Non-noise but consistently high categories include Blocked Driveway, Illegal Parking, and Sanitation complaints (e.g., Dirty Conditions).
Why it matters: noise and parking/sanitation drive a large share of NYC 311 volume, tracking them week-over-week gives a sensitive measure of neighborhood quality-of-life issues.

2) Borough mix
Absolute volumes are typically highest in Brooklyn and Manhattan, followed by Queens; Bronx and Staten Island are smaller in absolute counts (population & land-use effects).
The share of certain complaint types differs by borough. For example, helicopter noise skews toward Manhattan, while Blocked Driveway is more common in lower-density/driveway-heavy areas.
Why it matters: comparisons should use rates or shares, not just counts, to avoid confusing population/land-use with complaint intensity.

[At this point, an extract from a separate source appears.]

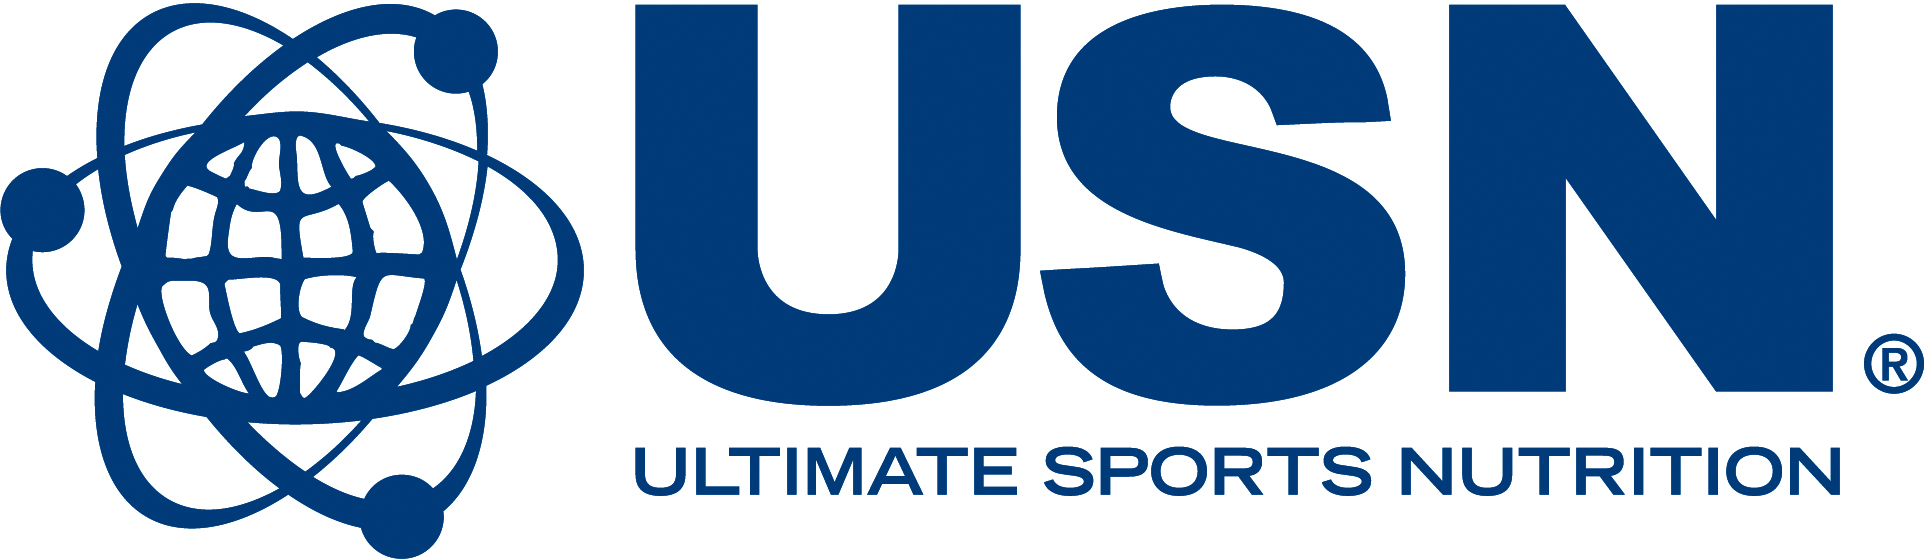 USN Logo - Usn Logos

3) Weekly trends (Top 5 categories)
Weekly time series for the overall top-5 complaints show a stable baseline plus spikes aligned to holidays/events and seasonal patterns.
Noise complaints tend to rise on weekends and during late-evening hours; sanitation and parking can vary with weather and street activity.
Analyst note: a 4-week rolling mean helps separate noise from weekly noise.

4) Noise share by borough
Computing Noise_share = Noise_requests / All_requests by borough reveals which areas have a disproportionate quality-of-life concern around sound.
Dense mixed-use districts (nightlife, tourism, heli routes) tend to have higher noise shares, while residential/auto-oriented areas show relatively higher parking/driveway issues.

5) Hour-of-day profile
Noise requests peak in evening and late-night hours (exact top hour varies by borough).
Parking/driveway and sanitation items often peak in daytime.
Takeaway: the hourly shape by category is a quick diagnostic—if Noise peaks shift later/earlier across weeks, that can flag policy or enforcement changes.